Provided data: Begin
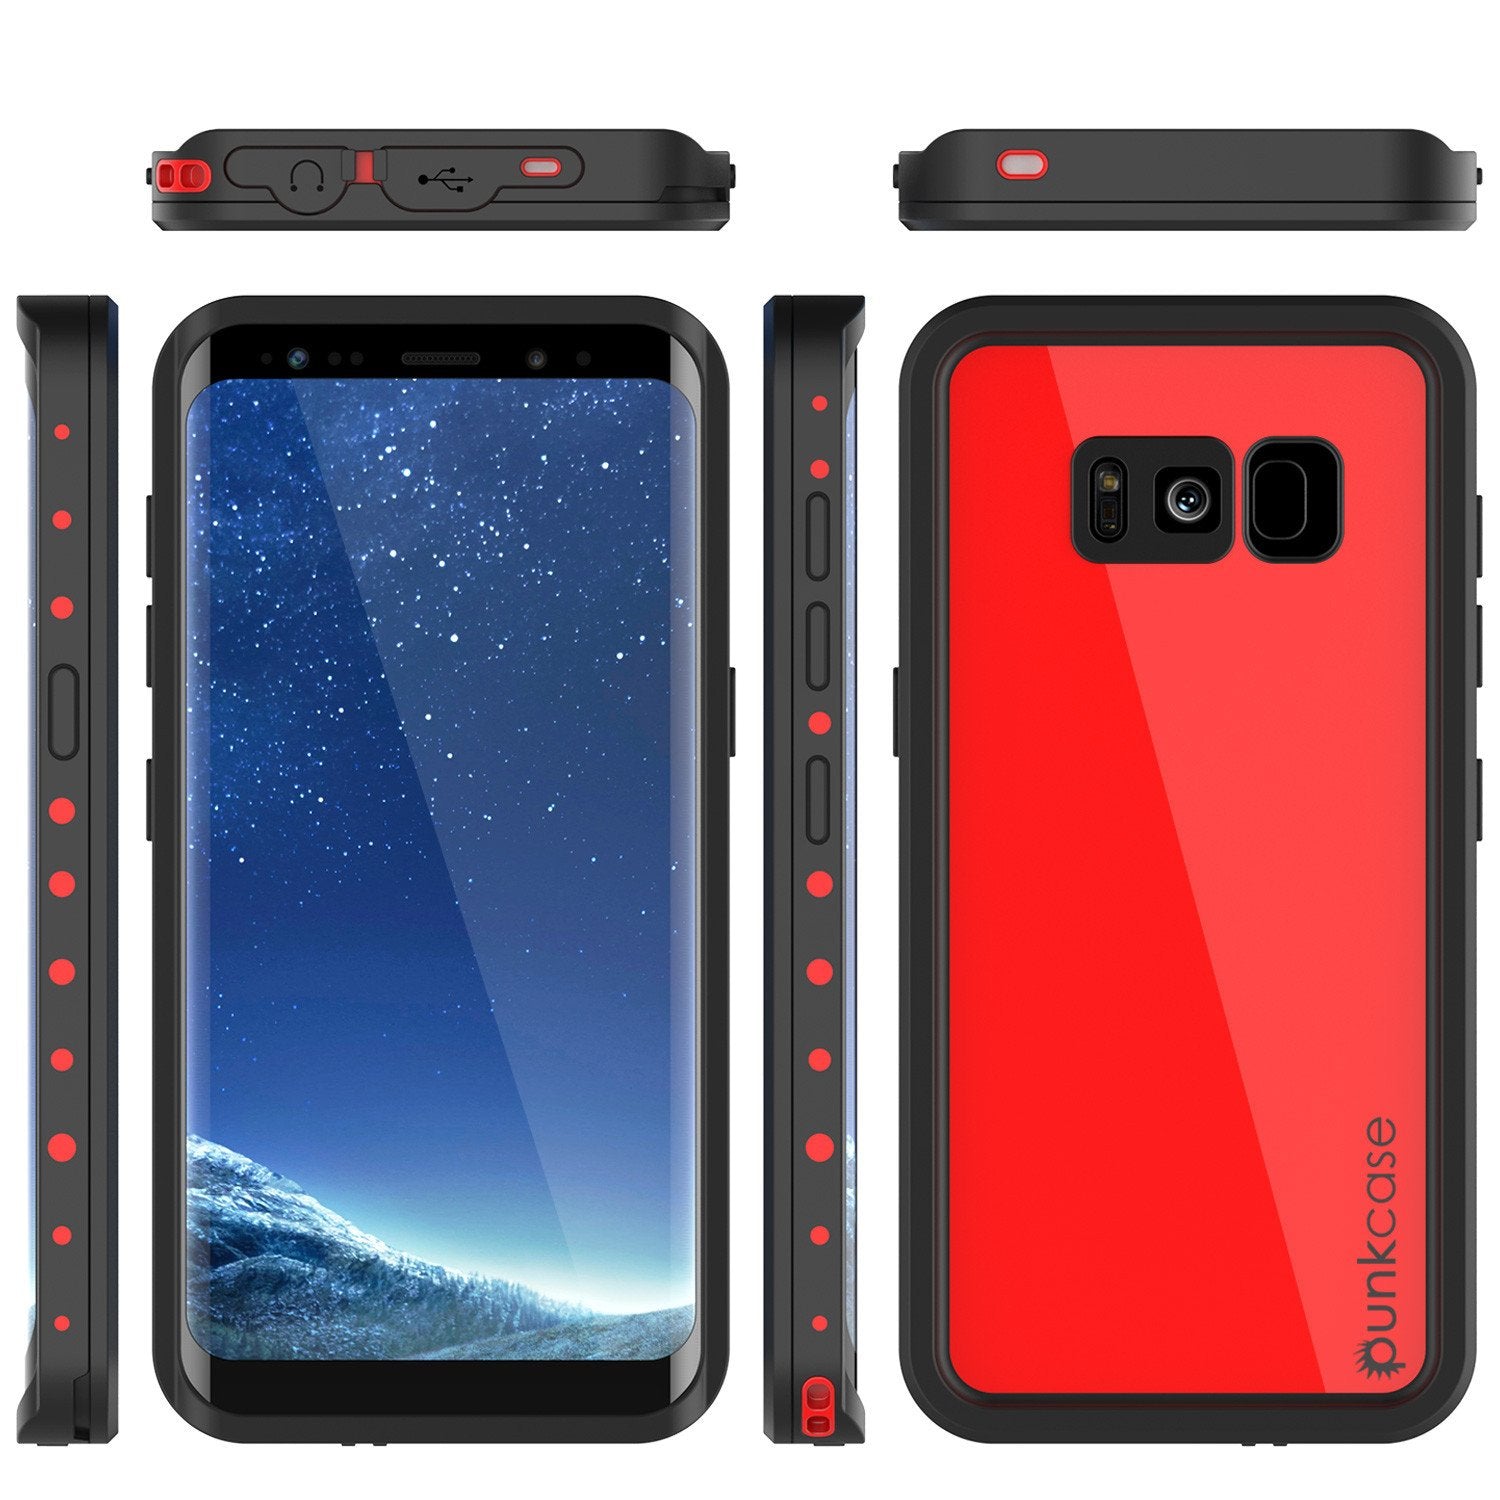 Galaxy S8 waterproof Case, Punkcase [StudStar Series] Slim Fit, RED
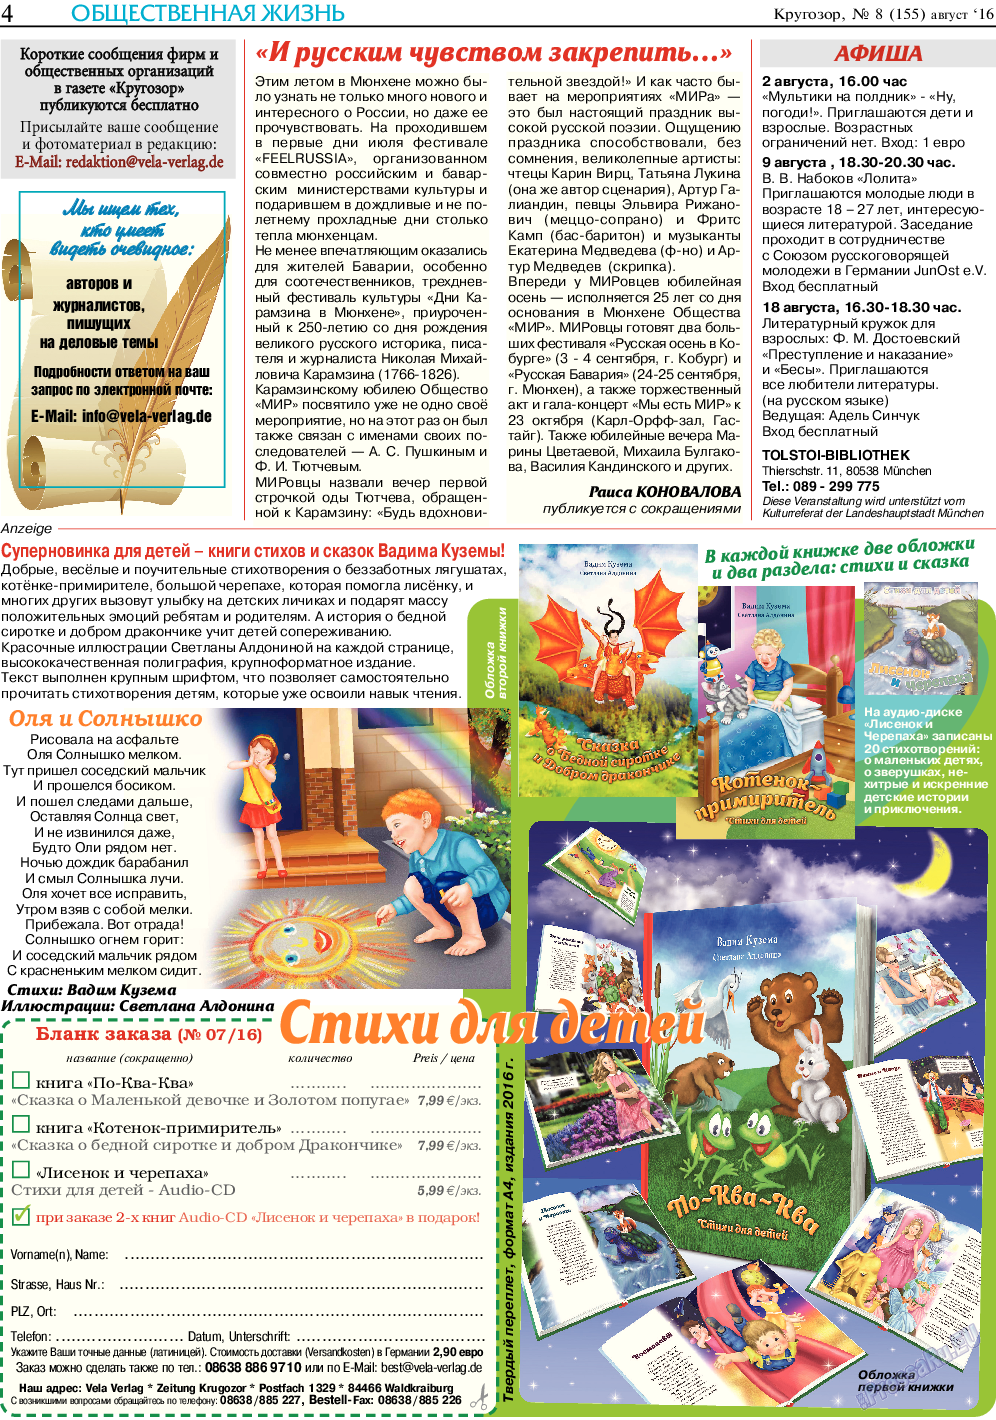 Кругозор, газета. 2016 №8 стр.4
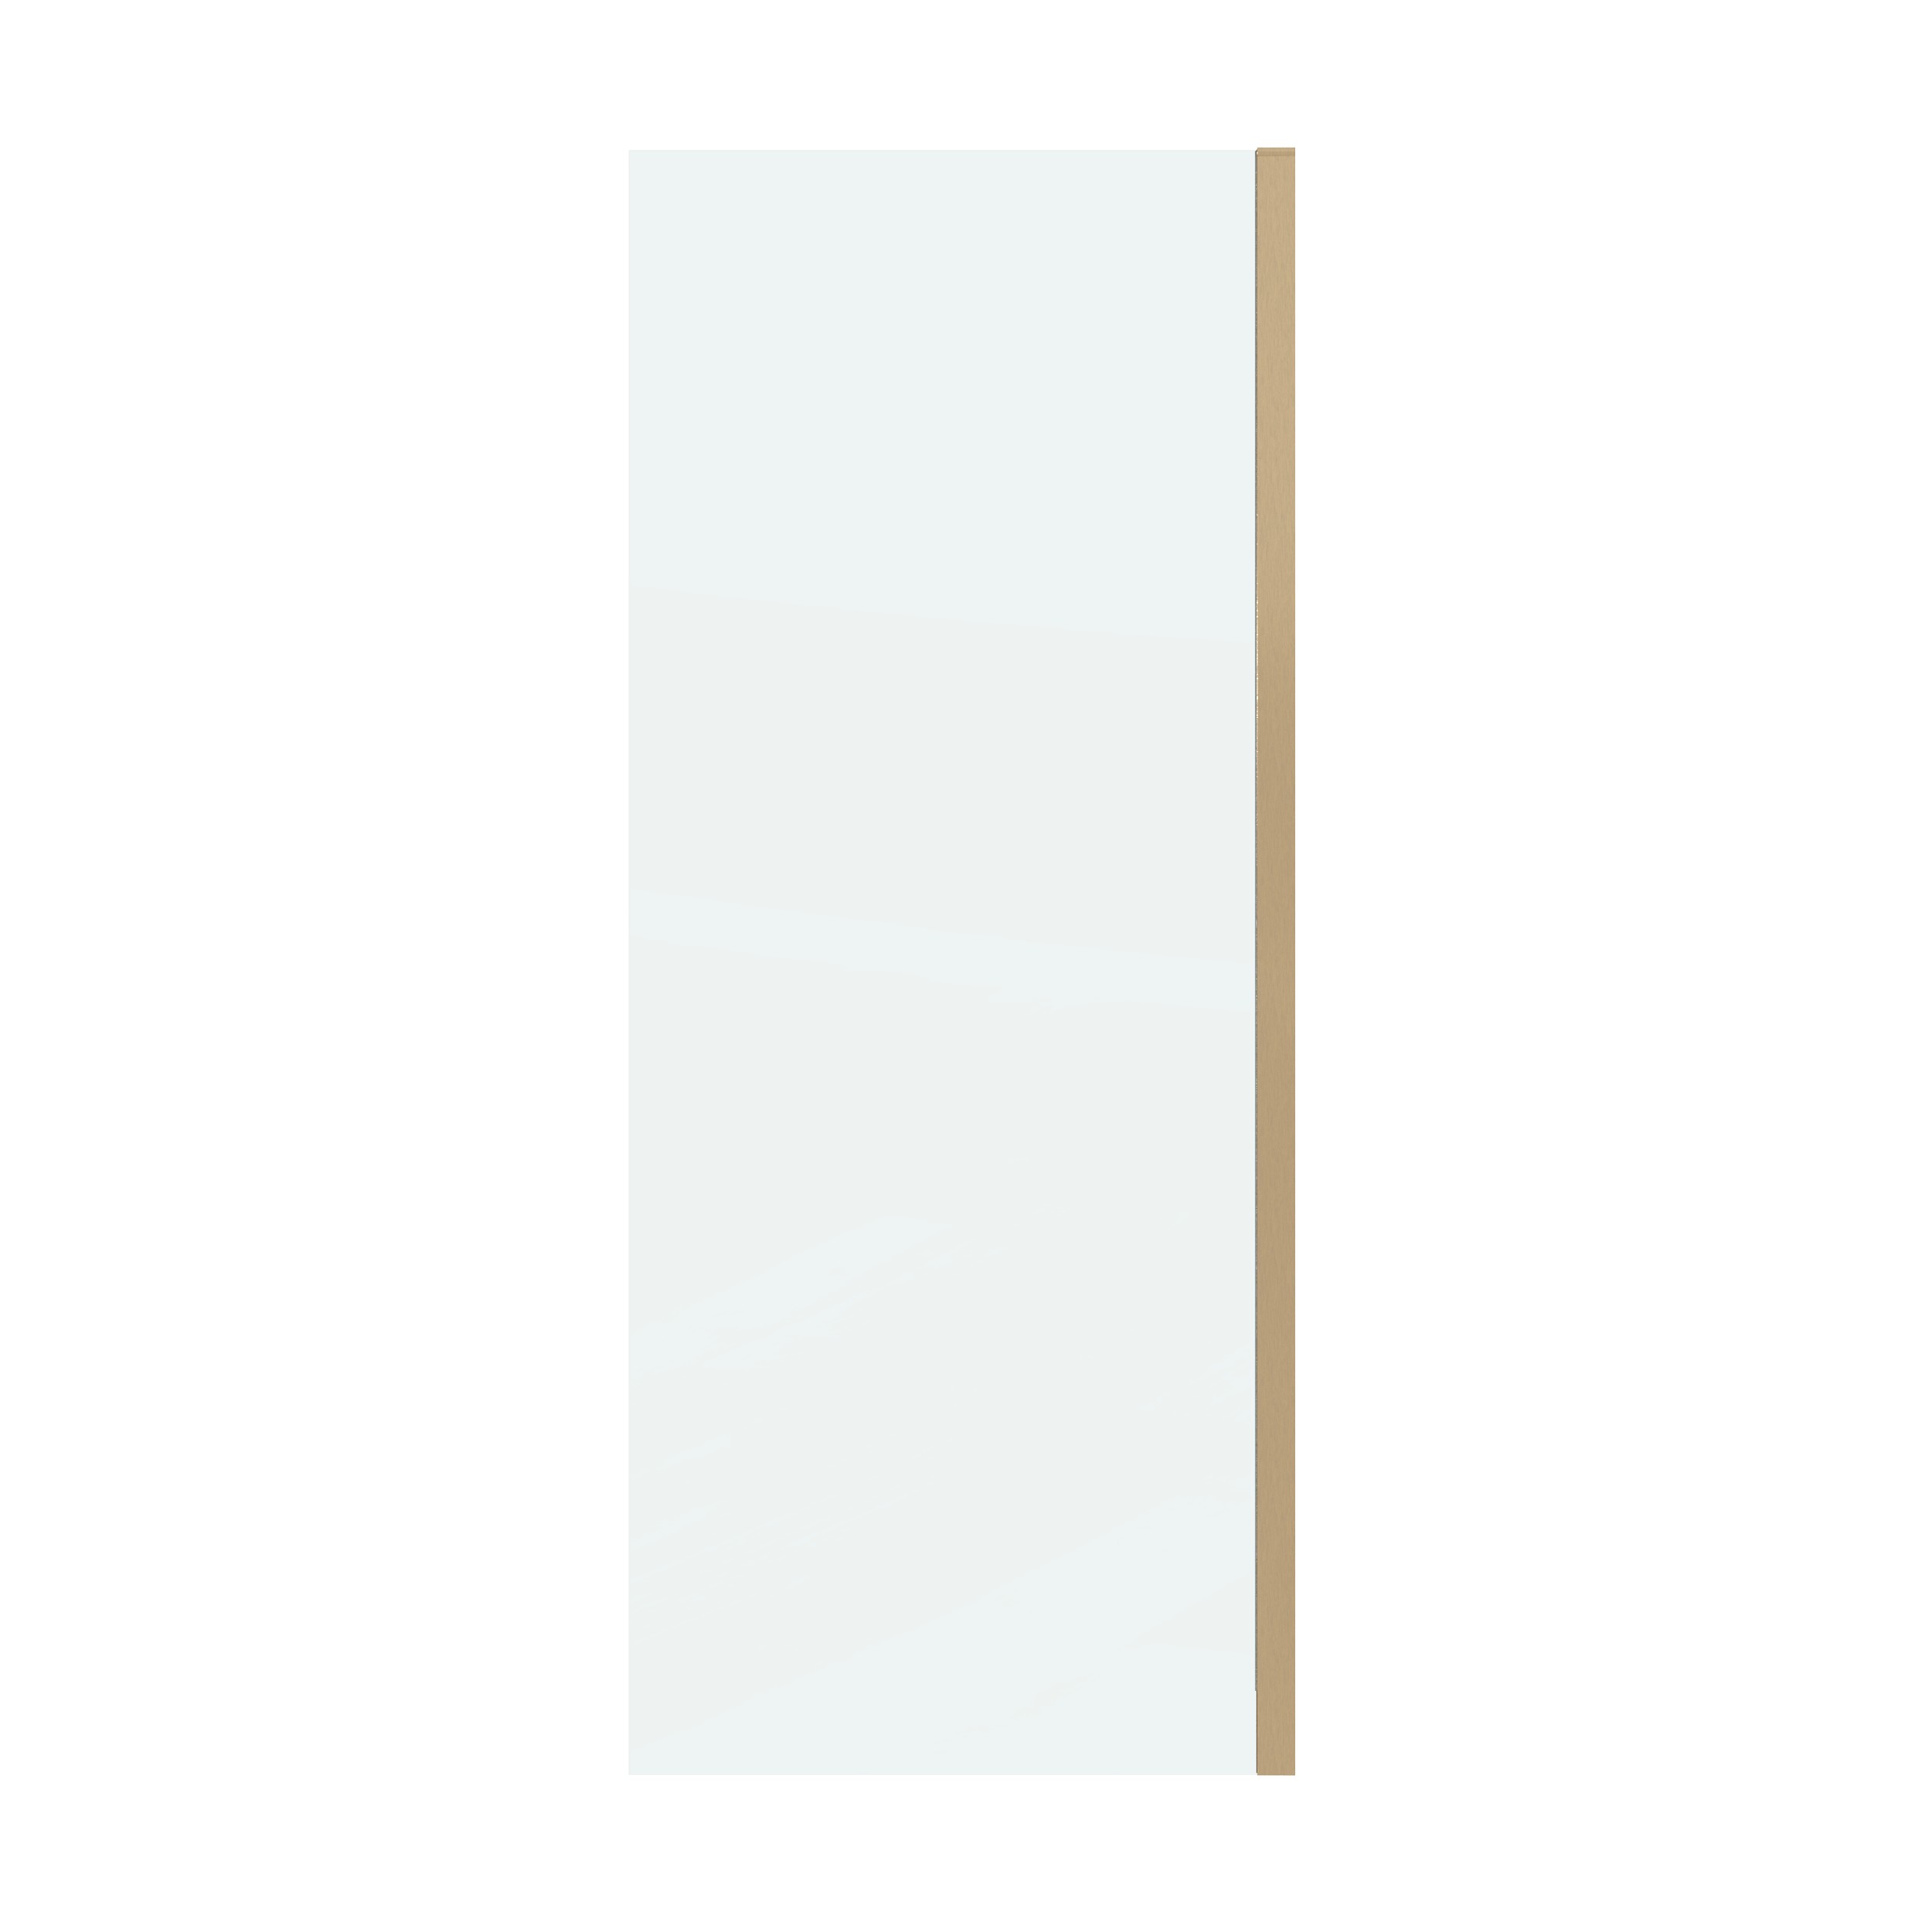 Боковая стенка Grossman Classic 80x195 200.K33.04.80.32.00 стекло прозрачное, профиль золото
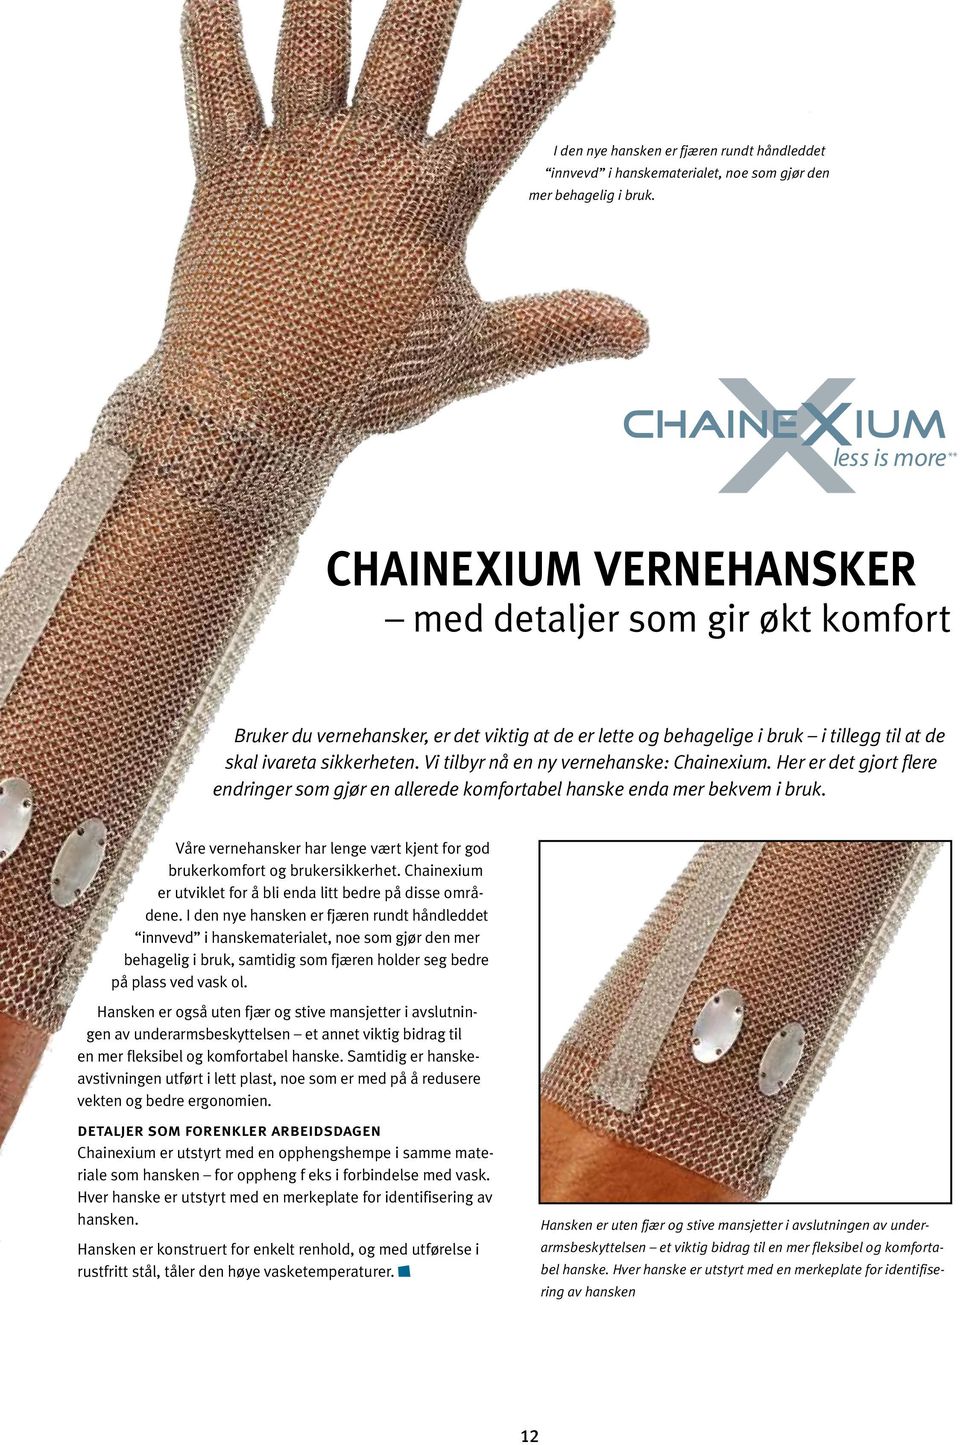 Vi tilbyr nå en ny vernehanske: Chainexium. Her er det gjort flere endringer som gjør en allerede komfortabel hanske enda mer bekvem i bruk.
Provided data: End
[Problem]
Each line of the data should be quoted exactly, with pictures left out.

[Worked solution]
 Galaxy S8 waterproof Case, Punkcase [StudStar Series] Slim Fit, RED
 Кругозор, газета. 2016 №8 стр.4
 Боковая стенка Grossman Classic 80x195 200.K33.04.80.32.00 стекло прозрачное, профиль золото
 Vi tilbyr nå en ny vernehanske: Chainexium. Her er det gjort flere endringer som gjør en allerede komfortabel hanske enda mer bekvem i bruk.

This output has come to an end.